- **WORK INSTRUCTIONS**
Exactly the lines below from the line with "Genel Kurul tplantı" through the line with "You are currently" must make up the answer, both ends included and pictures left out.

- **SUPPLIED INFORMATION**
┌──

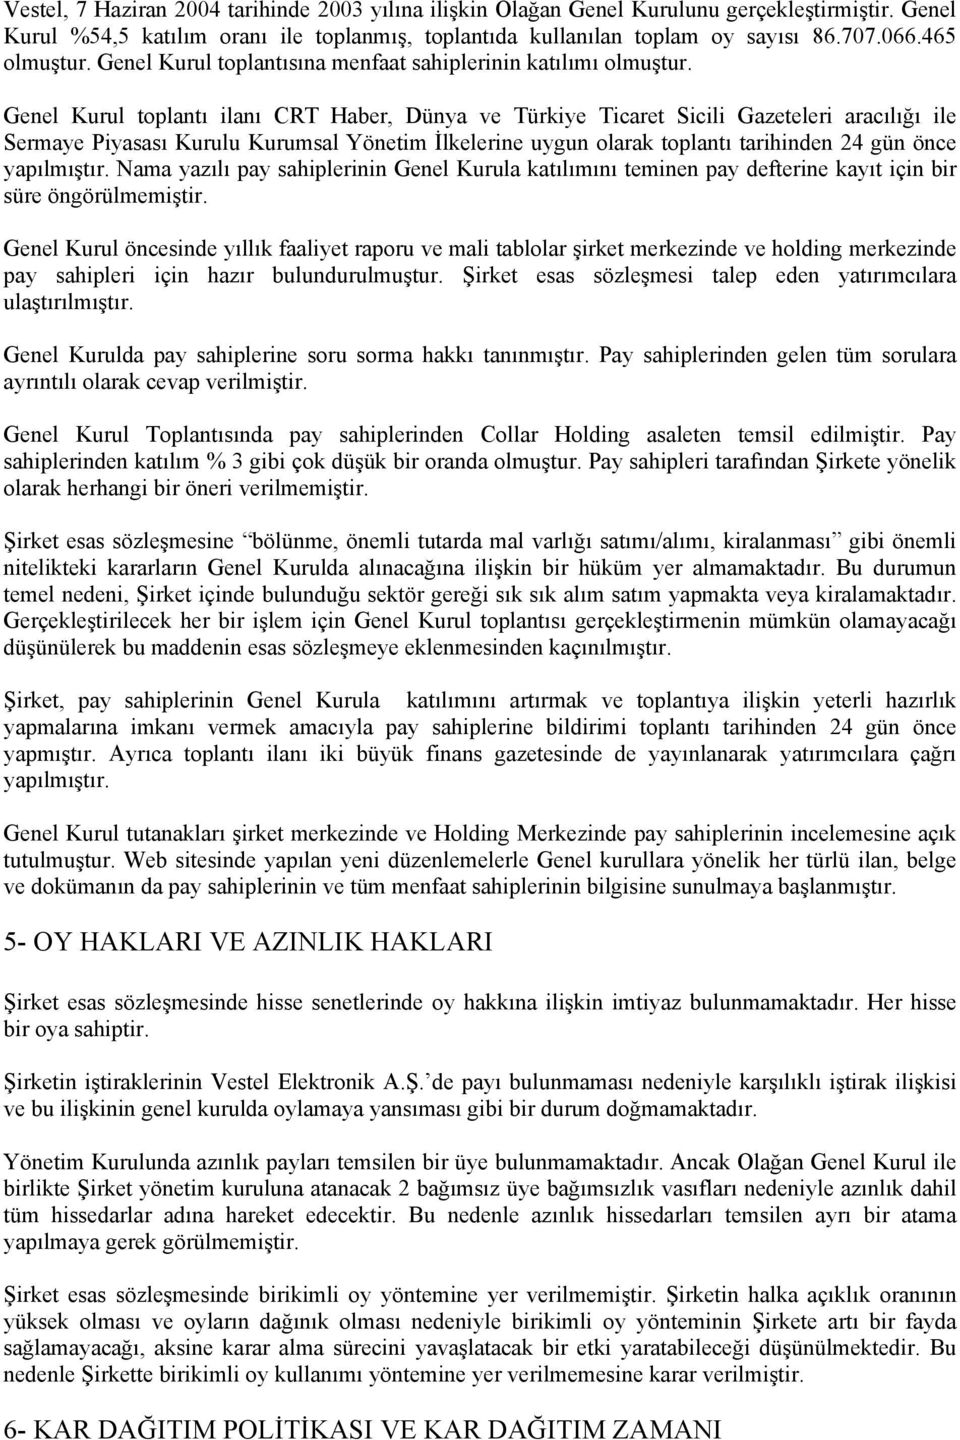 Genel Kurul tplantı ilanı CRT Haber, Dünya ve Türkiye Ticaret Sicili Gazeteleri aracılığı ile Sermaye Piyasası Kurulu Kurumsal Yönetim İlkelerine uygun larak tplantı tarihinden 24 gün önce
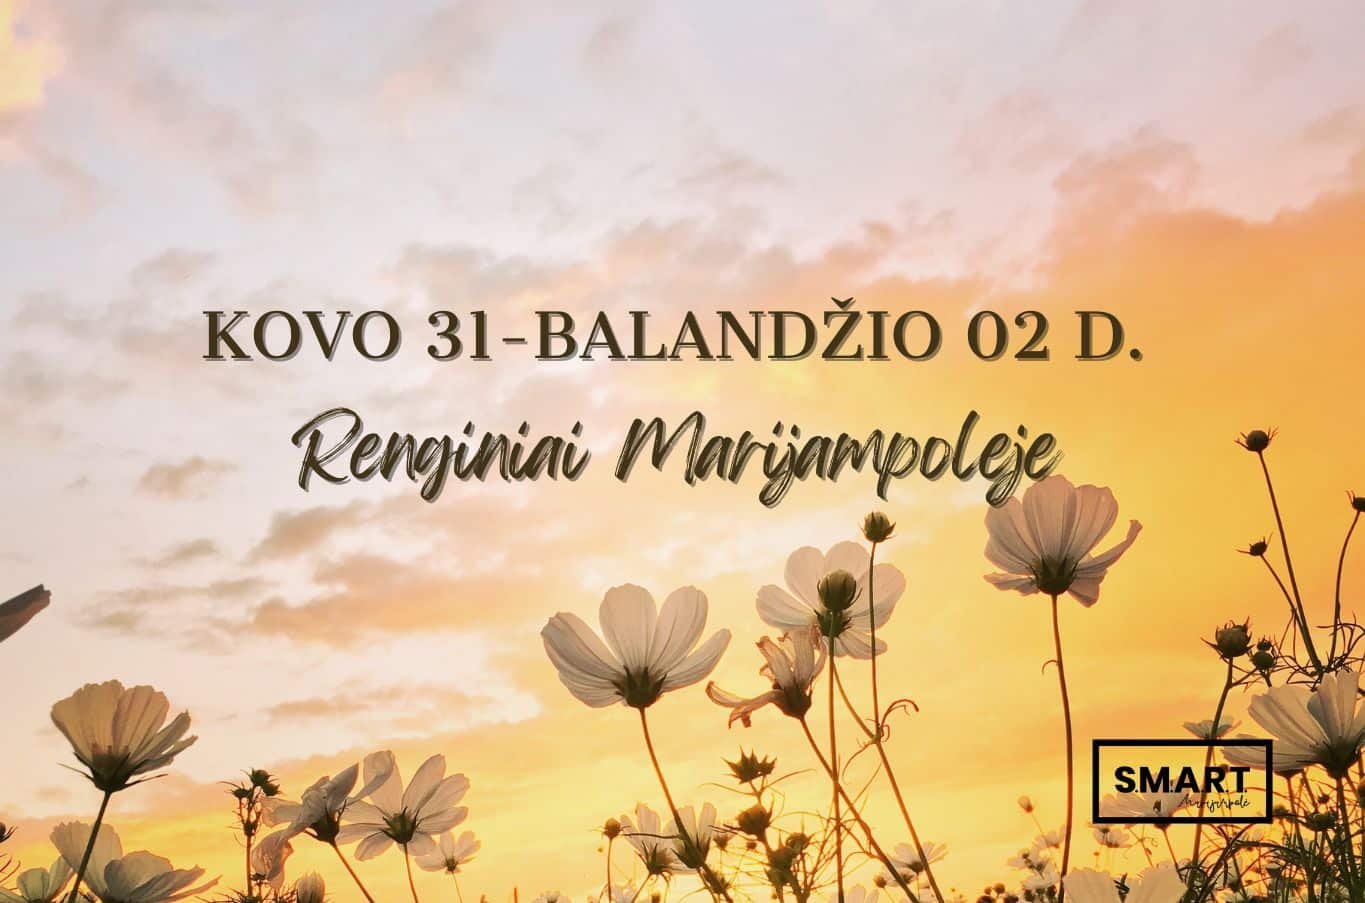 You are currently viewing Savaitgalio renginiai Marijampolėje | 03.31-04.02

└──
┌──

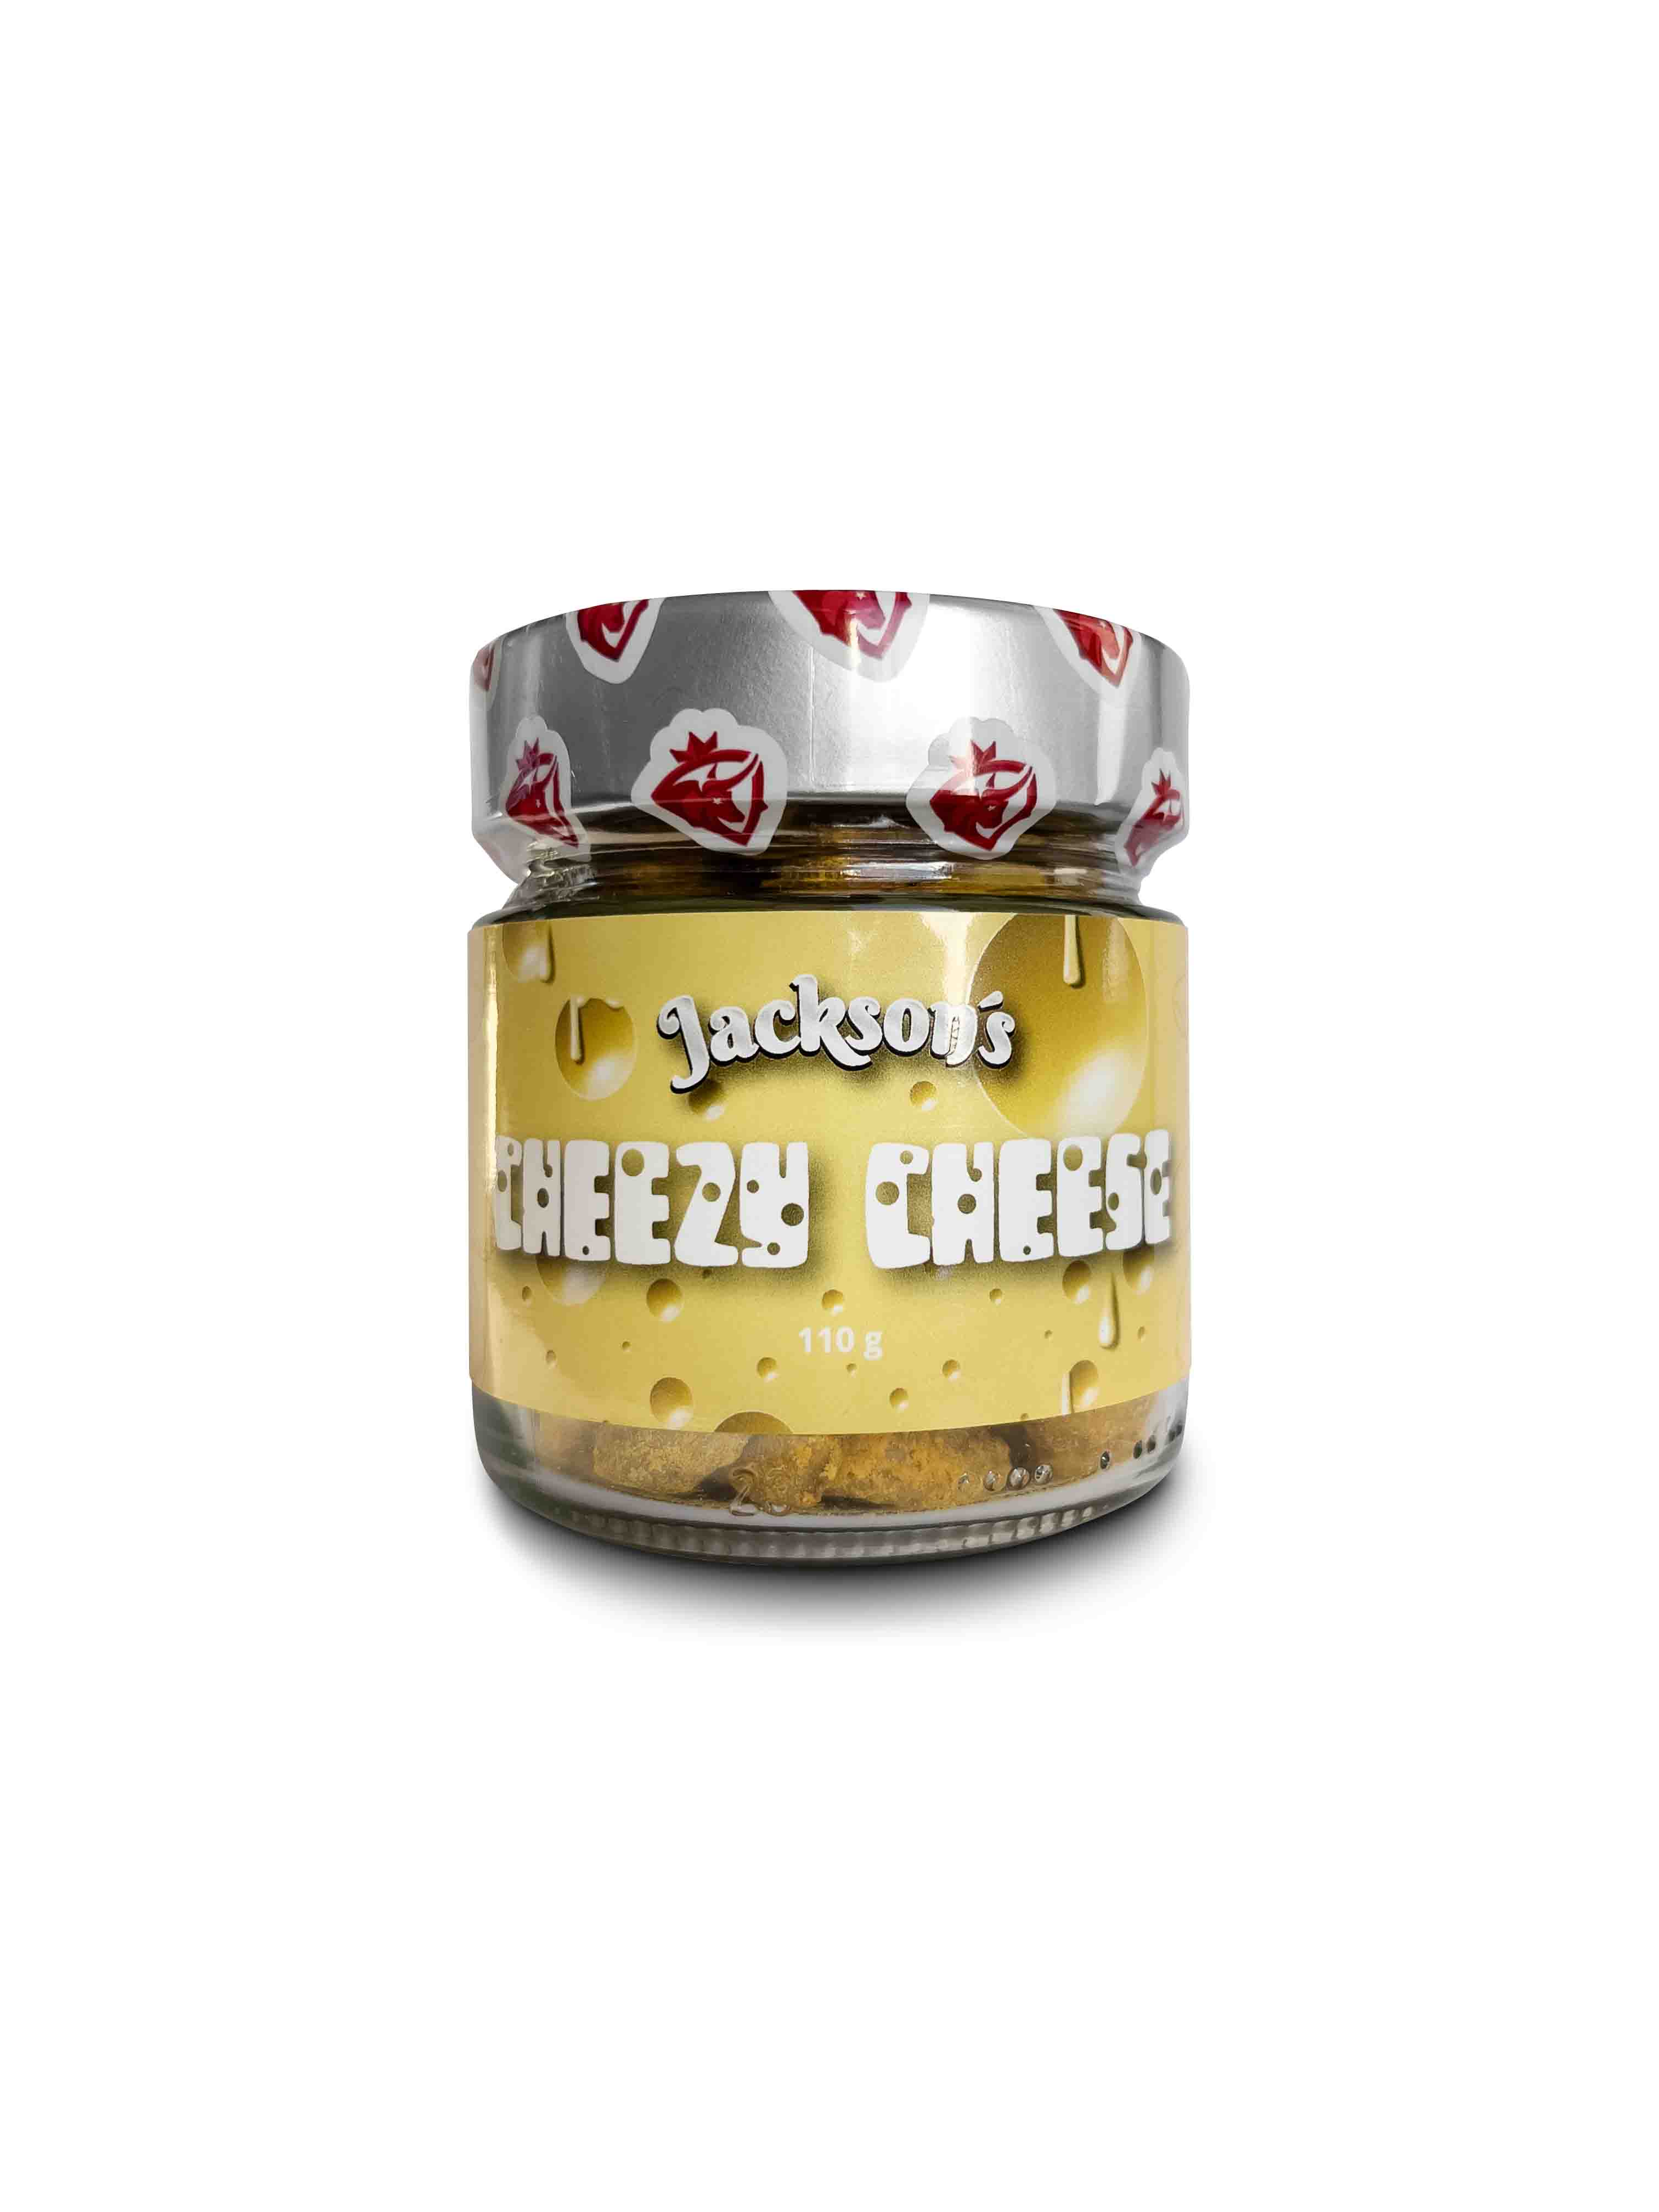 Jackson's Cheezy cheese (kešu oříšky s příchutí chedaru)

└──

- **ANSWER BOX**
 Genel Kurul tplantı ilanı CRT Haber, Dünya ve Türkiye Ticaret Sicili Gazeteleri aracılığı ile Sermaye Piyasası Kurulu Kurumsal Yönetim İlkelerine uygun larak tplantı tarihinden 24 gün önce
 You are currently viewing Savaitgalio renginiai Marijampolėje | 03.31-04.02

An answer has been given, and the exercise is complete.